Sunday, 6 December 2009

Hawking and Dawkins: the dynamic duo

There was a time not so long ago when the defining attributes of famous British scientists were little more than a white coat, wild hair, and possibly a monocle. Today, it seems the five-second sound bite mentality of the MTV generation requires any scientist who can top a man-in-the-street poll to have some atypical personality traits, to say the least. So are the current British science superstars good role models in the way they represent science to the public, or having achieved fame are they content to ride the media gravy train, with science taking a backseat (in the last carriage, if you want to continue the metaphor)?

If today's celebrities are frequently reduced to mere caricatures of their former selves (supposing they had anything more in the first place), how can the complex subtleties of modern science survive the media simplification process? If there is one thing that defines our current state of scientific understanding, it is surely that the universe is very subtle indeed. A recent episode of The Armstrong and Miller Show highlighted this beautifully via a sketch of Ben Miller (who in real life swapped a physics PhD for luvviedom) as a professor being interviewed about his latest theory. Each time he was asked if it was possible to provide a brief description of his theory in layman's terms, he succinctly replied, "no".

Arguably the two biggest names today, at least in Britain, are Stephen Hawking and Richard Dawkins. After appearances on everything from Star Trek to The Simpsons, Hawking has overtaken Einstein as the scientific genius everyone has heard of. But, like Einstein's last few decades, has Hawking reached the height of fame long after completing his best work, a genius revered without comprehension by a public unaware of the latest developments in astrophysics? If it's true that theoretical physicists' main period of productivity is usually in their twenties, Hawking wouldn't be any different from other physicists his age (remembering he retired from the Lucasian Chair several months ago).

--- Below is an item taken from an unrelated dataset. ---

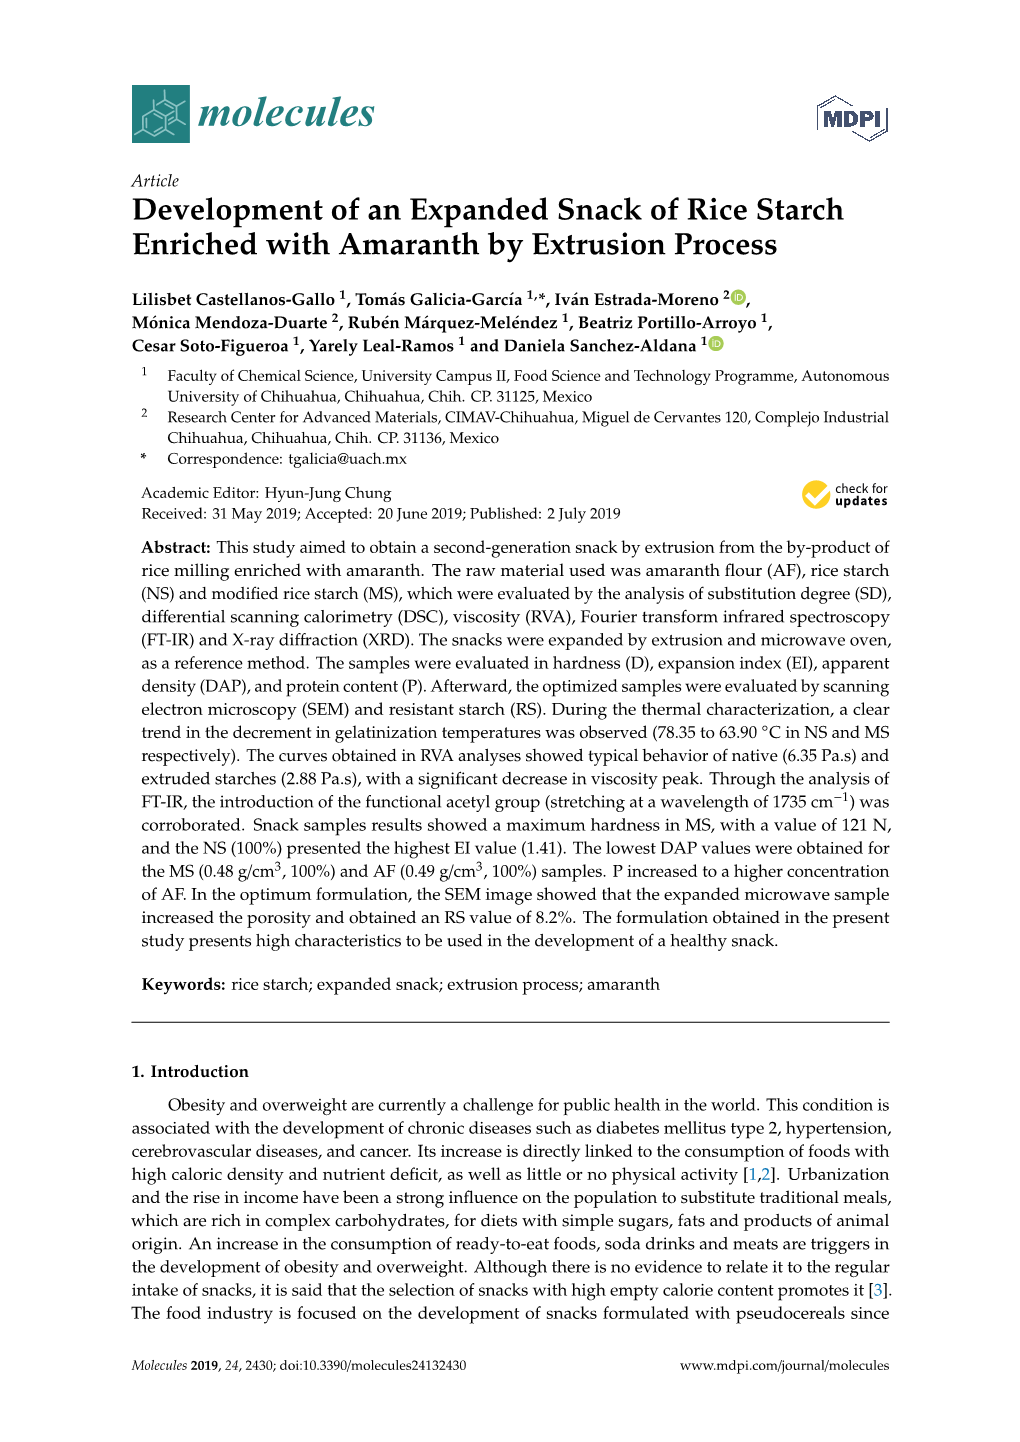 Development of an Expanded Snack of Rice Starch Enriched with Amaranth by Extrusion Process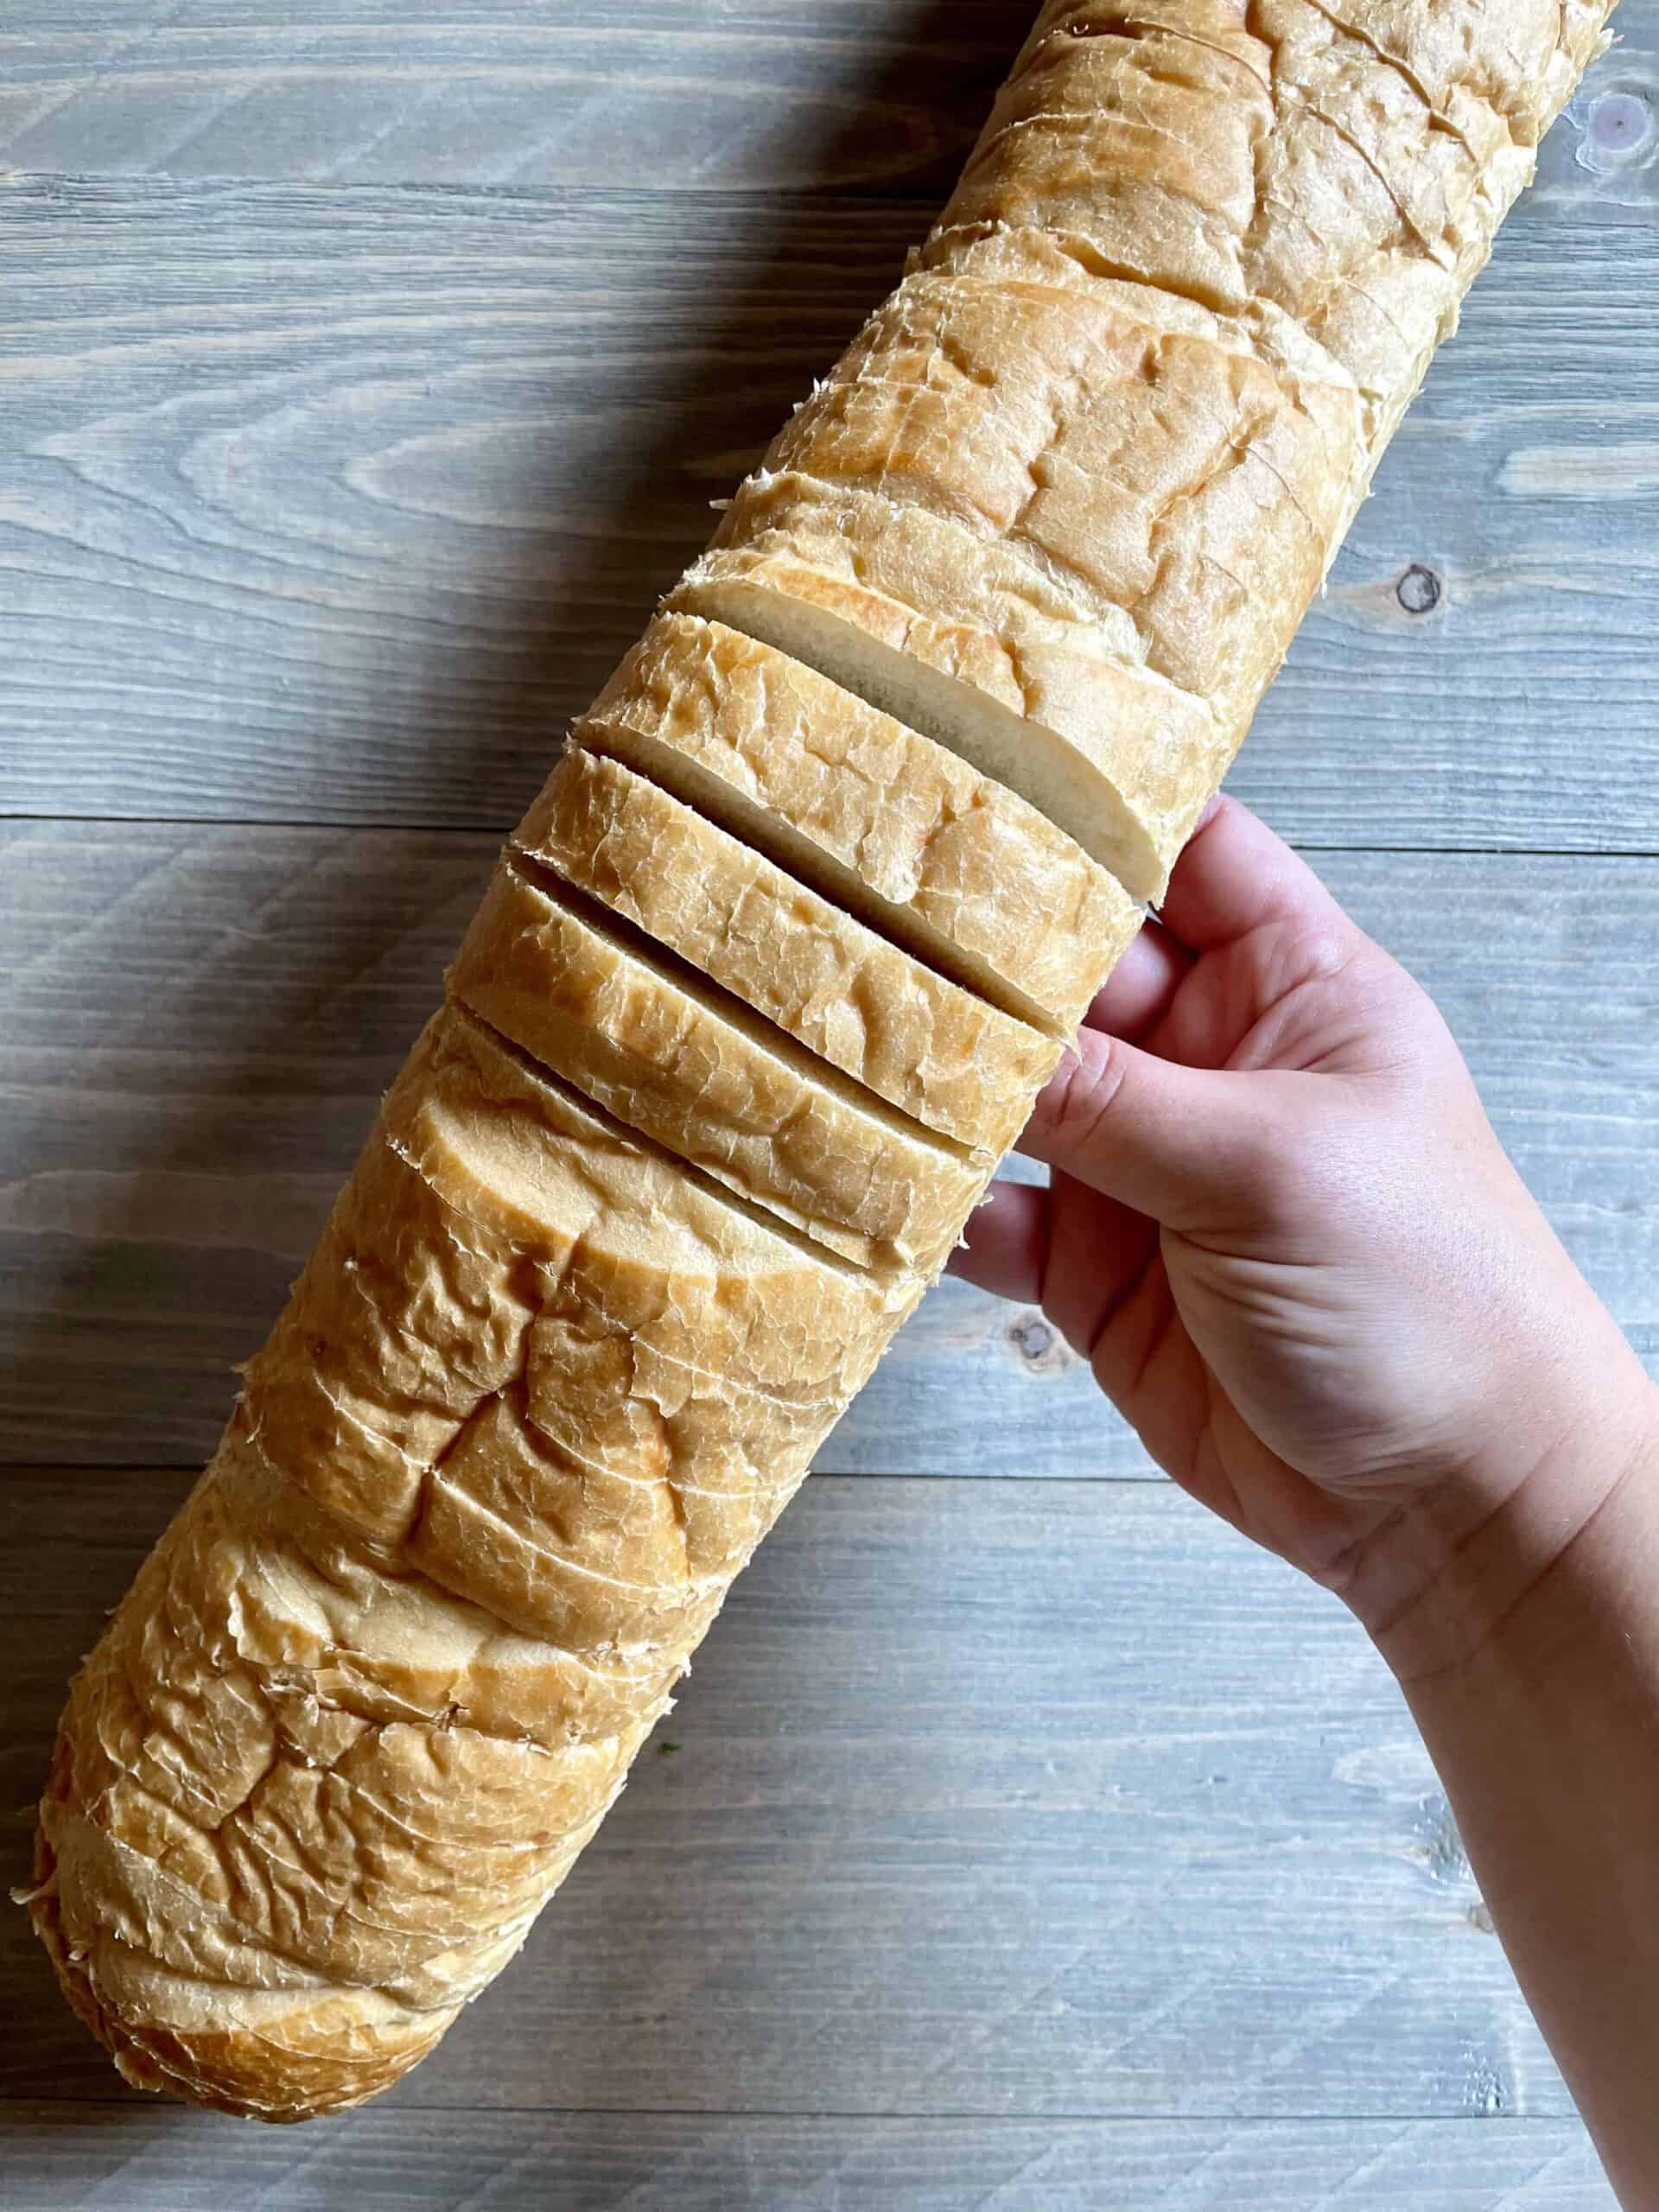 French bread is shown with slices cut into it. The bread is held up by a hand.

Hawking himself implies that his fame is compounded of demand from a lazy and scientifically non-savvy media (as in "who's the current Einstein?") twinned with the tedious if understandable interest surrounding his condition. It's probably fair to say that a physically-fit Professor Hawking wouldn't be considered to provide nearly as interesting copy. Of course to be able to write the best-selling (nine-million copies!) A Brief History of Time was a fantastic achievement, not least for its brevity. If it (and Hawking's later ventures) succeed in promoting scientific knowledge and methodologies then all well and good but it's not difficult to get the feeling that he is primarily viewed as a brand name. Very little of the blame can be passed to Hawking himself, but the question that must be asked is does the interest in him divert the limited media attention span for science away from a younger generation of scientists?

Richard Dawkins on the other hand seems to have deliberately cultivated media attention, no doubt revelling in his description as Darwin's Rottweiler. As holder of the Charles Simonyi Professorship until late last year he had an official position from which to promote public understanding, but for me his single-minded crusade has become rather tiresome. His role model, Thomas Henry Huxley, promoted science as "nothing but trained and organized common sense" whilst in addition espousing, via his "trade mark" agnosticism, the notion that one should not believe or disbelieve a proposition without justifiable evidence. Surely Huxley's agnosticism and the ideal of the scientific method are indistinguishable?

In contrast, Dawkins' approach is to browbeat all opposition, religious, scientific, or otherwise, with techniques that ironically having rather more in common with "faith viruses" than science. His documentary The Root of All Evil? allegedly omitted interviews with religious moderates to concentrate on the oddballs. It's understandable that documentary producers like a clear-cut argument, but skewing the evidence to fit the theory is inexcusable for a scientist. Dawkins' use of probability is his most objective method in support of atheism but when the law of parsimony, otherwise known as Occam's razor, cannot obviously be applied to resolve many aspects of the sub-atomic world, how can a glib theory along the lines of "I believe there's a less than even chance of the existence of a deity, therefore there isn't a deity", be accepted any more than a literal interpretation of Genesis? Warning of the increasing dangers of fundamentalism to both science and society as a whole is admirable, but to promote a simplistic thesis regarding complex, largely non-scientific, issues seems more an exercise in self-promotion than anything else. And Dawkins has the cheek to say that the word 'reductionism' makes him want to reach for a weapon...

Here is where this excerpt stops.